Columbia’s Low and Butler Libraries reference Greek architecture. It is no coincidence that, at Columbia, the frieze of Butler Library displays the names of six famous Greek (Homer, Herodotus, Sophocles, Plato, Aristotle, Demosthenes) and two Roman (Cicero, Vergil) intellectuals from antiquity.
The list of collaborations and faculty partnerships that currently exist between Columbia and Greek universities and organizations is long. Here are a few examples:
- Columbia’s Institute for Comparative Literature and Society – Panteion University.
- Columbia’s Institute for Comparative Literature and Society – National and Kapodistrian University of Athens.

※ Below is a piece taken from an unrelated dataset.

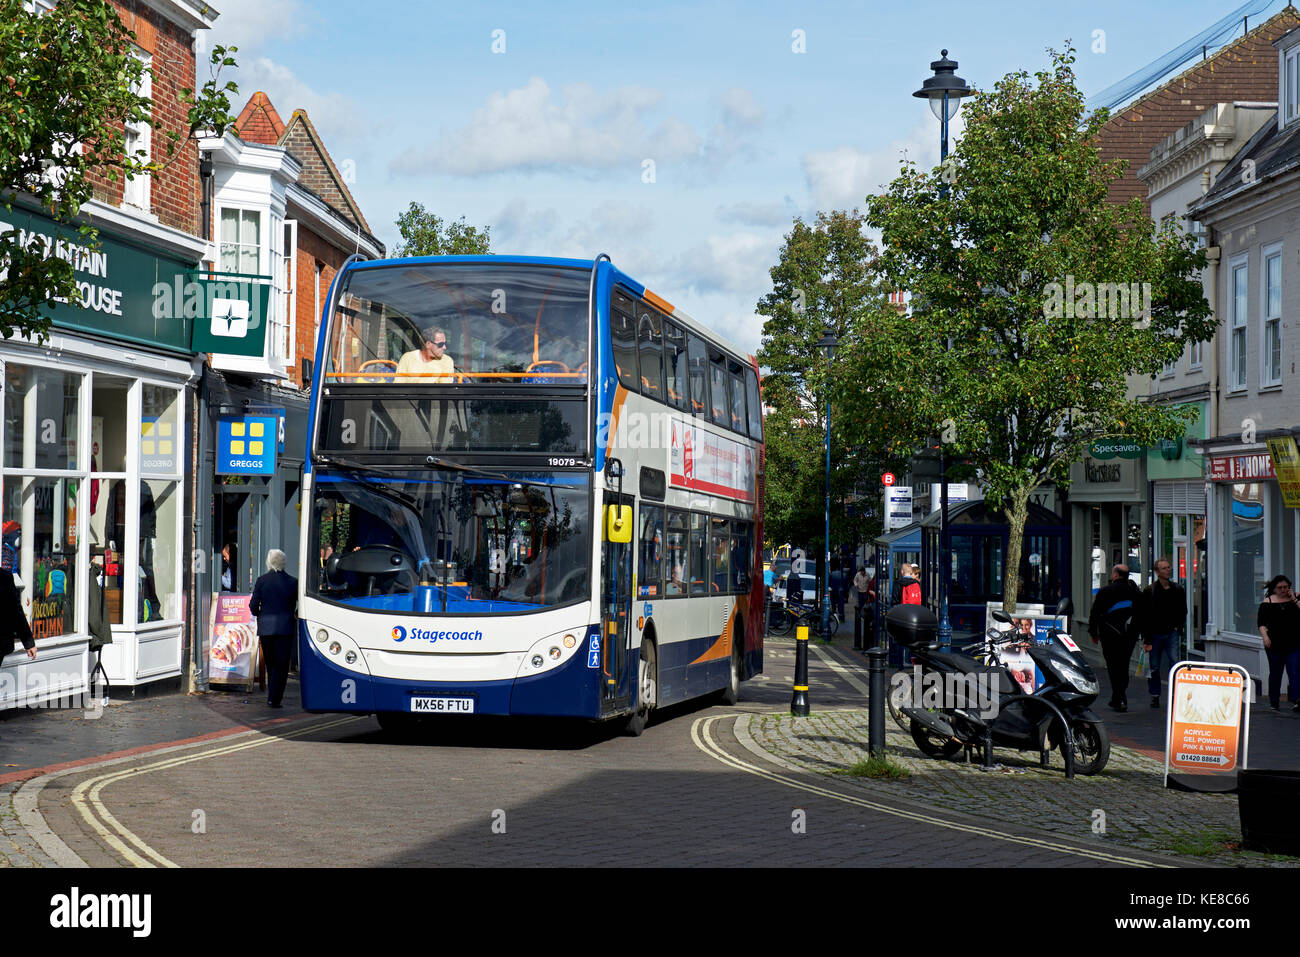 Bus on Main Street, Alton, Hampshire, England UK Stock Photo

- Columbia’s Institute for Comparative Literature and Society – University of Thessaly.
- The Columbia Fu Foundation School of Engineering and Applied Science – National Technical University of Athens.
- Columbia Summer in Greece undergraduate program.
- Excavation in Boeotia, in collaboration with the Greek Department of Antiquities and the Athens Archaeological Society.
- International research projects: “Geographies and Histories of the Ottoman Supernatural Tradition: Exploring Magic, the Marvelous, and the Strange in Ottoman Mentalities,” and “The Project on Macedonia and Southeast Europe.”